在这里使用唯一索引的主要原因是为了保证数据的完整性。我怀疑try/catch块中的失败插入不会成为大多数应用程序的瓶颈，尤其是在没有大量尝试插入重复的情况下（因为您的基准测试显示类似的性能案件）。但是我怀疑拥有一个没有强制的数据模型会在某个时候出现问题。另外，在SQL Server 2008上，我会建议探索MERGE在其他策略中的使用。 – mlibby 2009-11-06 17:47:42

@mcl re：独特的索引，我完全同意，他应该有一个数据完整性的索引，如果他想要合理的性能，他将需要一个索引。回复：MERGE，我只是测试了它，它在所有场景中执行*非常类似于条件插入。 – 2009-11-06 17:51:51

谢谢你们，我希望我能接受你们的答案。为了数据完整性，我将在其上放置一个唯一的索引，然后使用条件插入，因为它在性能和可读性方面似乎是最好的。 – Ravi 2009-11-06 23:34:48

EDIT：为防止race conditions在并发环境中，请在相关子查询中使用WITH (UPDLOCK)。

我认为这将是标准的方法：

INSERT INTO MarketPrices (SecurityCode, BuyPrice, SellPrice, IsMarketOpen) 
SELECT @SecurityCode, @BuyPrice, @SellPrice, @IsMarketOpen 
WHERE NOT EXISTS (
    SELECT * FROM MarketPrices WITH (UPDLOCK) 
    WHERE SecurityCode = @SecurityCode 
    AND BuyPrice = @BuyPrice 
    AND SellPrice = @SellPrice 
)

如果您的字段是空的，你必须将它添加到条件。

你的第一种方法很有趣，但对于EXCEPT的要求你有没有经历过。

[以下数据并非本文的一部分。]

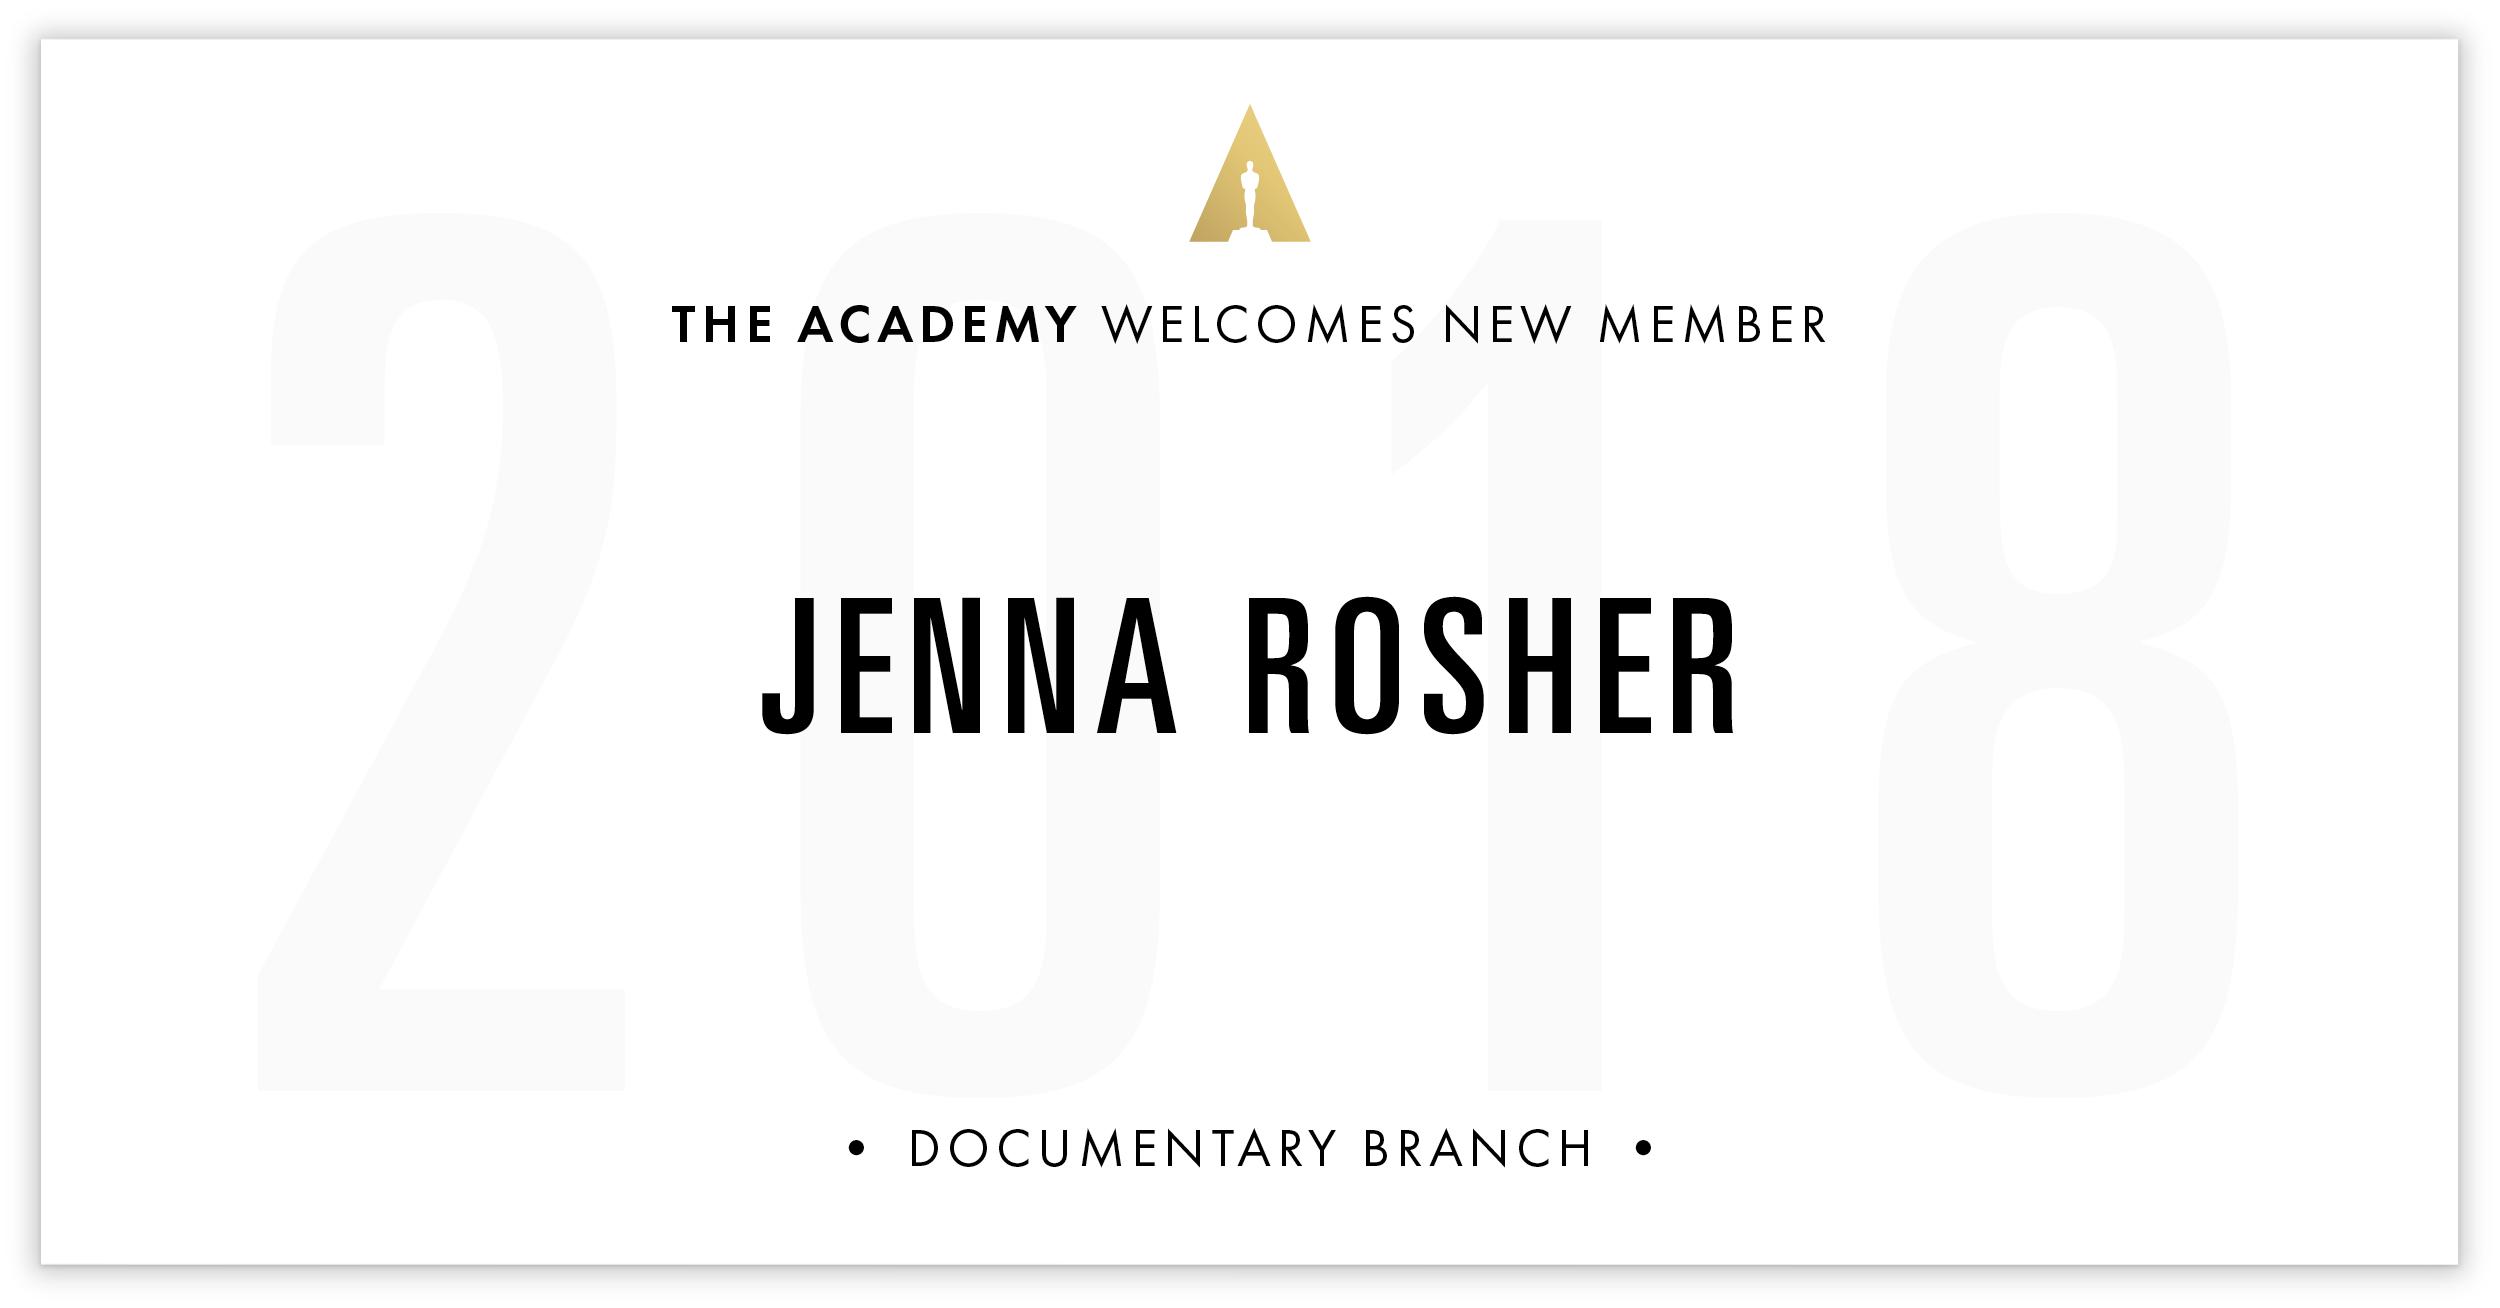 Jenna Rosher is invited!

这个方法本质上是一样的，但它会让你围绕着列匹配问题。

或者：

INSERT INTO MarketPrices (SecurityCode, BuyPrice, SellPrice, IsMarketOpen) 
SELECT SecurityCode, BuyPrice, SellPrice, @IsMarketOpen 
FROM (
    SELECT @SecurityCode, @BuyPrice, @SellPrice 
    EXCEPT 
    SELECT SecurityCode, BuyPrice, SellPrice FROM MarketPrices WITH (UPDLOCK) 
) a (SecurityCode, BuyPrice, SellPrice)

有关除了在这种情况下做的好处是，它处理空值，而无需您任何额外的编码。为了在第一个例子中达到同样的效果，你需要长时间测试每一对NULL和平等。

你的第二种方法是可以的，但你不需要变量。看到Tomalak的解决方案，他很好地清理了它。此外，如果这是一个问题，您需要明确处理并发插入的可能性。

来源

2009-11-06 16:33:15

我会随时为您提供语义解决方案。你的两个建议对我来说似乎很模糊（虽然后者比前者好）。

IF NOT EXISTS (
    SELECT 1 
    FROM MarketPrices 
    WHERE SecurityCode = @SecurityCode 
     AND BuyPrice = @BuyPrice 
     AND SellPrice = @SellPrice 
) 
BEGIN 
    INSERT MarketPrices 
    (SecurityCode, BuyPrice, SellPrice, IsMarketOpen) 
    VALUES 
    (@SecurityCode, @BuyPrice, @SellPrice, @IsMarketOpen) 
END

拥有超过SecurityCode, BuyPrice, SellPrice的EXISTS查询应该相当快的砾岩指数。

基准测试是一个计时WHILE循环的问题，我会说。测试一下，看看你自己。

来源

2009-11-06 16:33:58 Tomalak

另一种选择：在相关字段（SecurityCode，BuyPrice，SellPrice）上创建一个唯一索引，发出一个简单的插入，并让数据库确定记录是否重复。插入尝试插入重复时会失败。

使用代码（无论是外部语言还是SQL处理程序）来保证唯一性不够严格，最终会导致您希望防止的重复。

来源

2009-11-06 16:50:15 mlibby

我在想你可能是对的，特别是当涉及到并发插入时 – Ravi 2009-11-06 16:57:17

我很想看到这个基准。假设一个唯一的索引，它有更多的开销：条件插入的WHERE子句，或TRY/CATCH块的异常处理？如果您希望99％的插入*为*不重复，我想TRY/CATCH块可能更有效。 – 2009-11-06 16:59:03

我打算做到这一点，当我回家 - 将在这里发布结果 – Ravi 2009-11-06 17:04:46

，如果你不需要重复的陷阱，你总是可以创建一个“忽略重复”设置为true的唯一索引。 SQL Server将为您处理此问题。

来源

2010-12-11 08:26:51 IamIC

下面我已经加入了顶级的答案从Only inserting a row if it's not already there彼得Radocchia的出色答卷。

外卖是使用race safe with try/catch技术是轻微（〜1％），比race safe with updlock, holdlock技术快时，有没有实际的冲突（即你期望的碰撞将是非常罕见的 - 这是uniques情况），并且是当总是发生碰撞时，速度稍慢（〜20％）（这是duplicates方案）。这并没有将锁升级等复杂问题考虑在内。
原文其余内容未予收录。